I am an “outskirts millennial” and used to think that people running around constantly on the phone must be really important, cool people. How I desired to be special! Beginning to watch “Homecoming” on Amazon Prime, triggered memories I had long forgotten. Oh how Julia Roberts character just craved to be part of something meaningful! Oh how the Colin character reminds me of the leader of my cult. He would call her constantly at work and at home, and while he was multitasking a birthday party of his kid, managed to smugly impose himself into her life, and finally tear her apart while he was at a dinner gathering.

How excited I was to get my first cell-phone contract set up when I started out as a student in a new city. Back then in 2005, they offered both a landline and a cell-phone number from one phone, that was cool. What freedom I had found! Now my mind wanders and imagines how the leaders could have never taken over my life like they did, had I not owned a cell. Owning a cell placed me in a prison.

While my starved for attention self enjoyed and welcomed frequent phone calls at first, I realized quickly that with a call or a text came an interference or a request. Whatever I had planned, had to be interrupted, and most often canceled, because via phone I would be informed about an upcoming trip to some special place, or town, or that I needed to show up at the leaders house asap. As a student, I had flexibility and time on my hands but this level of assumed consented spontaneity made a social life difficult. Not showing up was not an option.

At first, excitement and a sense of adventure made the interruptions to my day fun. Eventually, the men would go off on their own (women asked too many questions about what’s appropriate behavior and reported men’s behaviors back to the wives at home), leaving us damsels to ourselves. At times the leaders called to confide in me or ask for feedback but that changed after my first year with them.

With less phone contact came a new level of phone calls. Tormenting phone calls. Someone had passed on something I said or had done, or the leader had witnessed it himself, and I would get a personal admonishing phone call session, leaving my insides turned upside down wherever I had been naive enough to pick up the phone.

Like that one day I was going to see a professor about an exam, and while waiting in the hallway, I was called and told that on my sister’s wedding day there would be a mandatory seminar that I had to pay 100Euro for to attend. Of course I mentioned my sister’s wedding but the leader, busy and sweet, shrugged the wedding off saying, “I guess you won’t be able to go then.” My heart sunk so deep into my stomach, I had to compose myself before meeting the professor. Or that other time, awhile before this event, when I was visiting my sister who lived about 6 hours train ride away from me, and I was called late at night and told after I arrived to come right back the next day, even though I had planned a longer stay.
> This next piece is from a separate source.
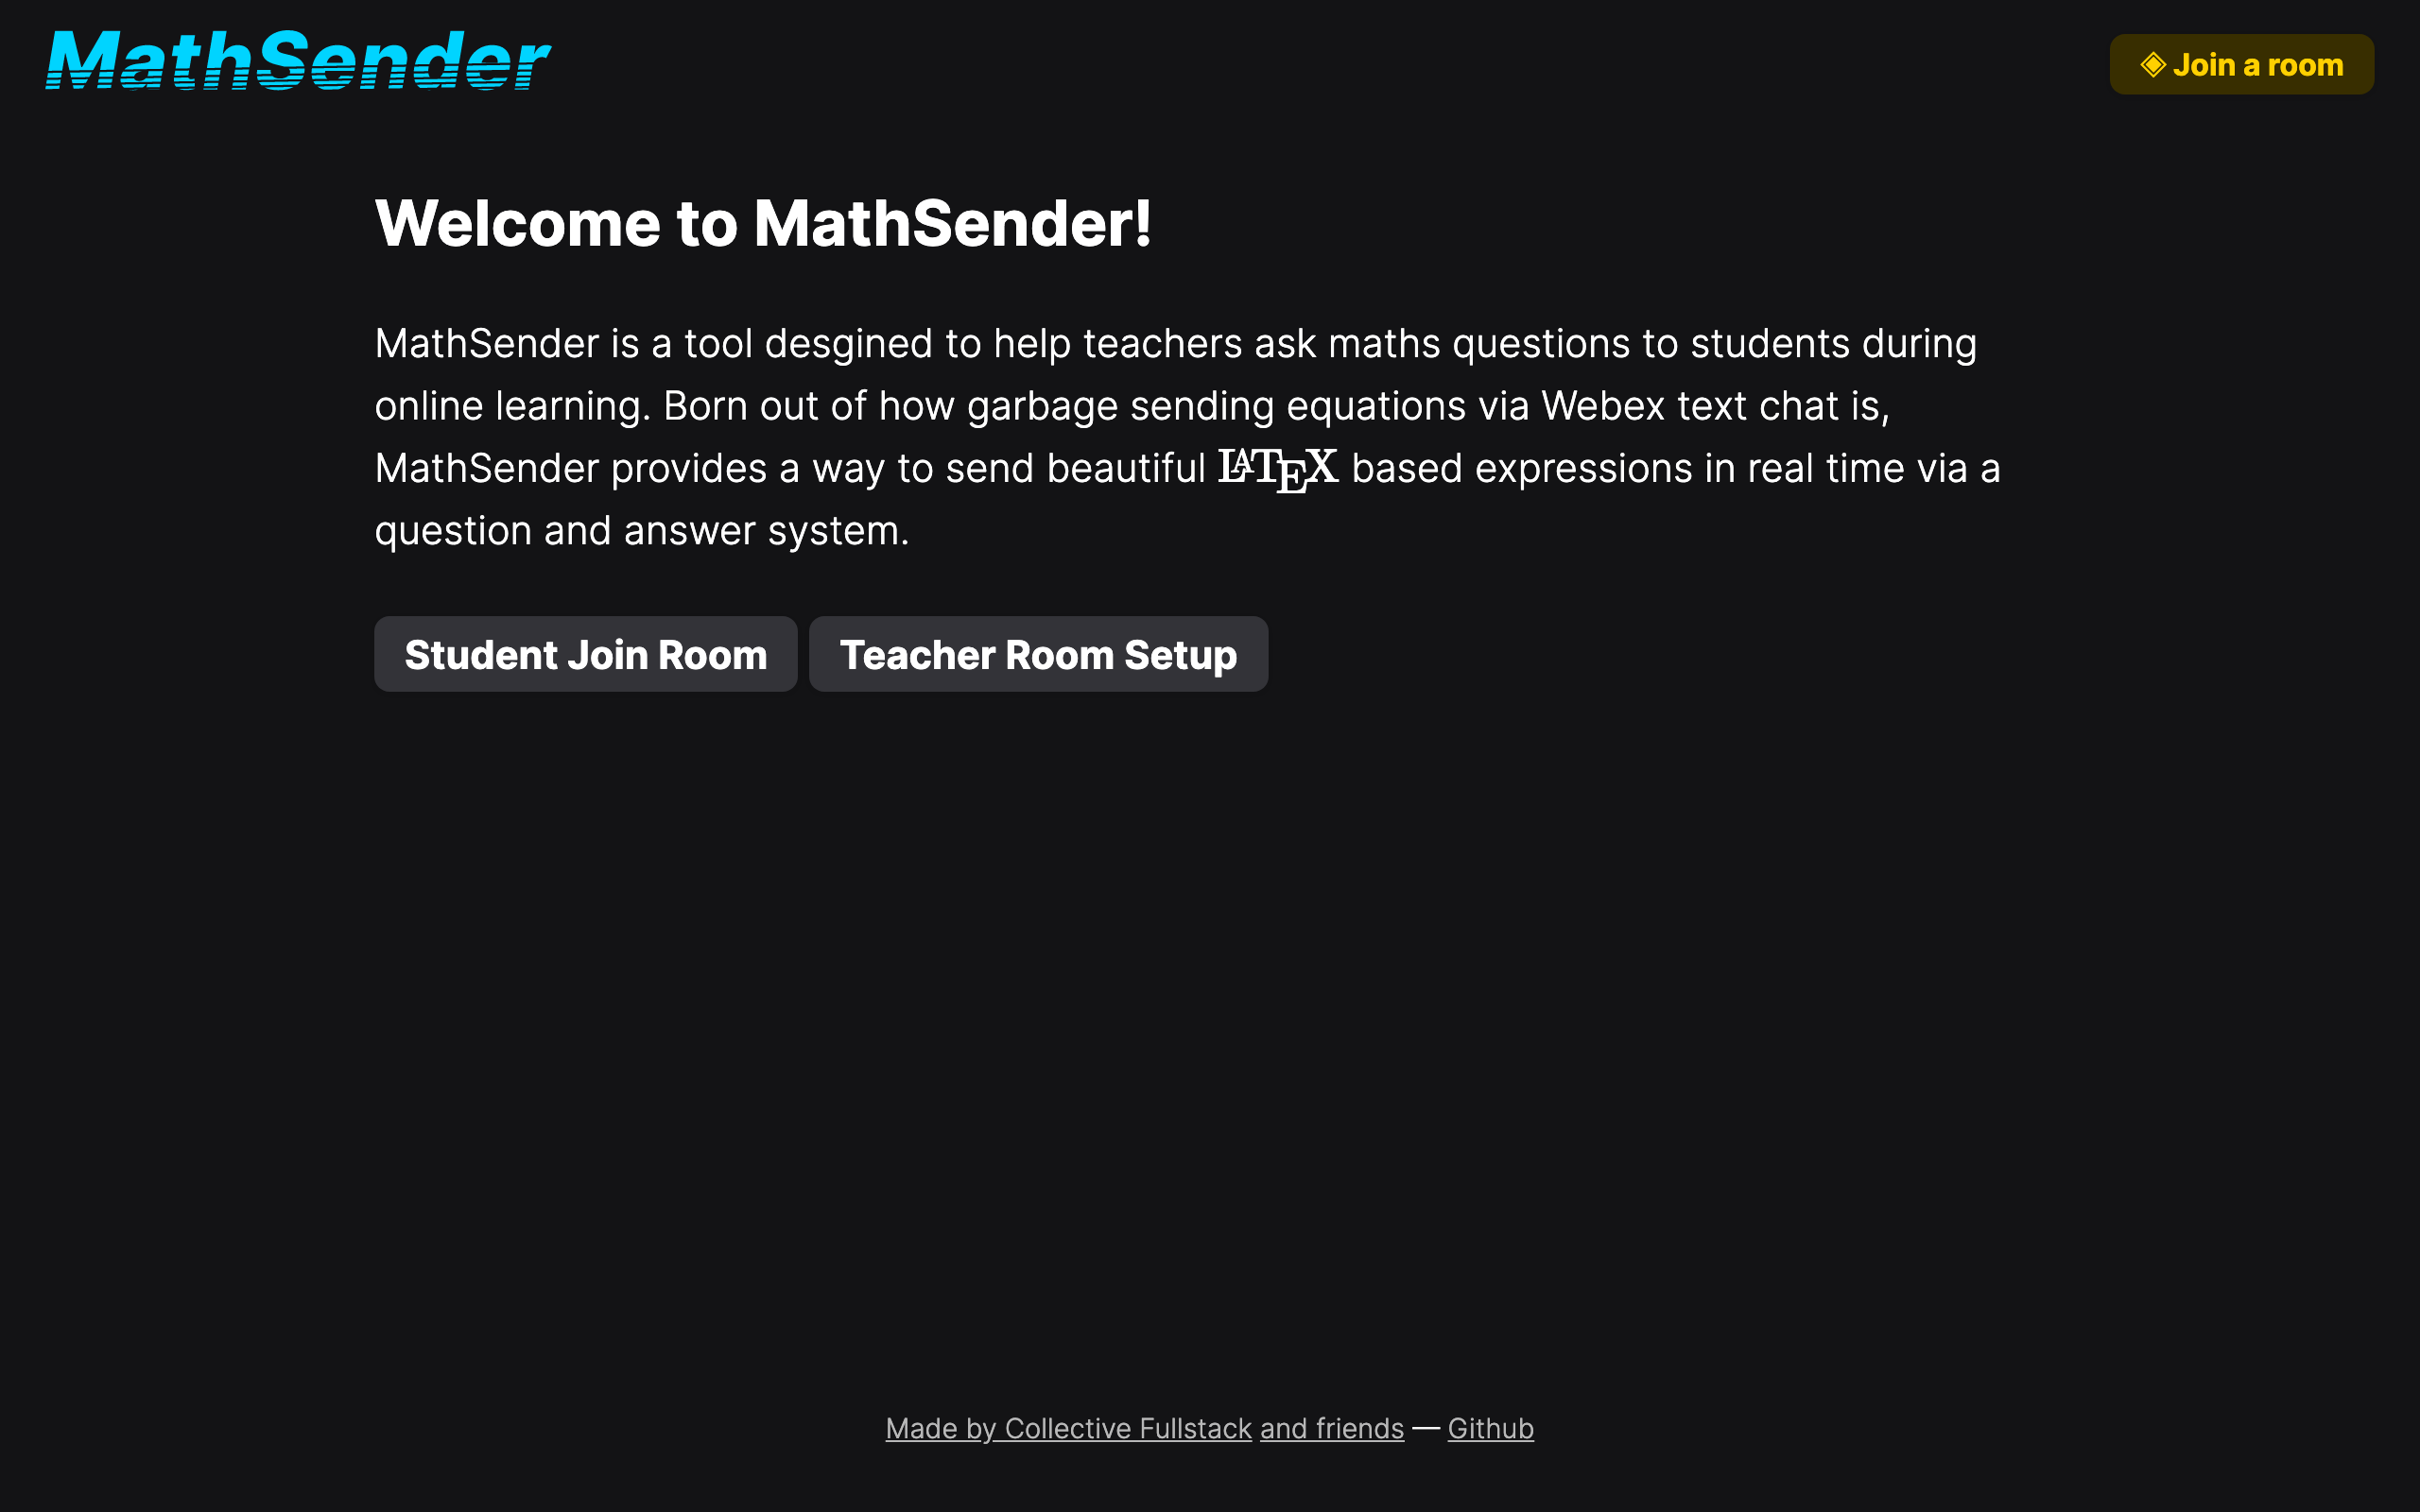 The MathSender homepage
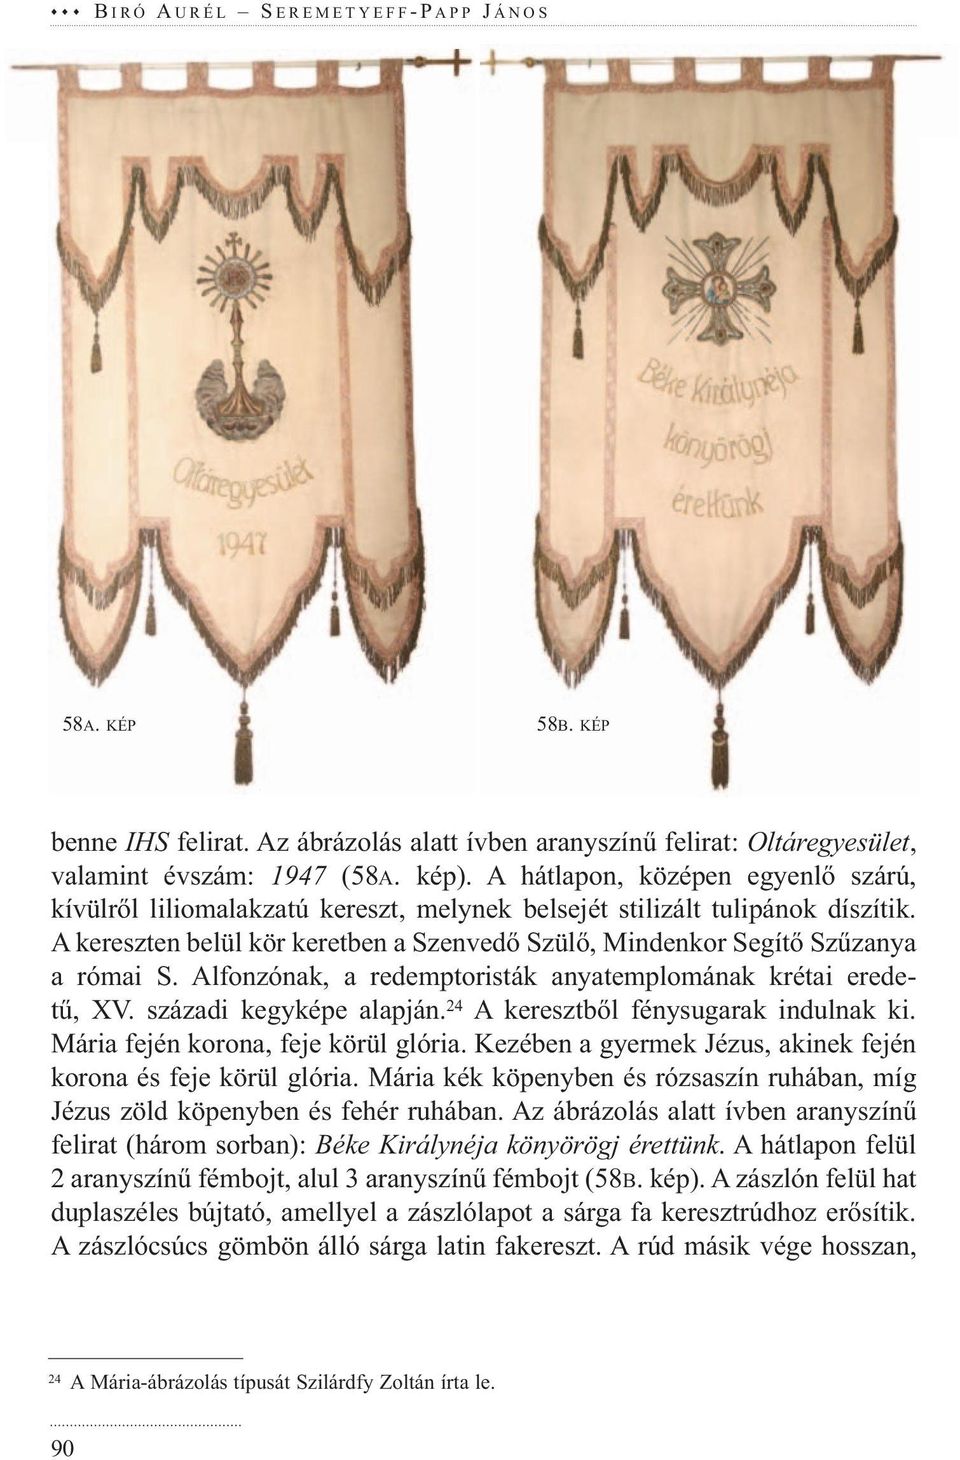 Alfonzónak, a redemptoristák anyatemplomának krétai eredetű, XV. századi kegyképe alapján. 24 A keresztből fénysugarak indulnak ki. Mária fején korona, feje körül glória.

Or that day my fiancé and I went out looking for an engagement ring. The night before, we, like real adults, had been invited to dinner at the co-leaders house. The casual dinner conversation, in which I shared my dreams to do charitable work all over the world, came to haunt me as my comments apparently warranted an admonishment for not being focused on the town God had placed (imprisoned) me in. I still remember that moment, having stepped outside the jewelry store to pick up the phone feeling on top of the world and not expecting anything could change that, looking into my reflection of the store window. Gazing back from the laid-out jewelry to myself in the window reflection, I felt like a fool and a fake for the life I yearned to live for God was ironically out of reach because God said so. It broke me.

Now I know that all these moments (and so many more) were spiritual assaults. Their actions are the definition of unhealthy, intrusive, manipulative, controlling leadership. My freedom as a mere human being was taken away from me. My free time, my family, my future, and my identity were taken over. Rather than helping me discover who and how God had made me, they thought they knew, and they surely weren’t wrong. I had given people whom I trusted the power to speak into my life in the name of God and that was the result. They redirected my steps. They decided where I would go. Until the phone call that would be the last. Then they told my husband and me to go away. That is my favorite phone call of them all.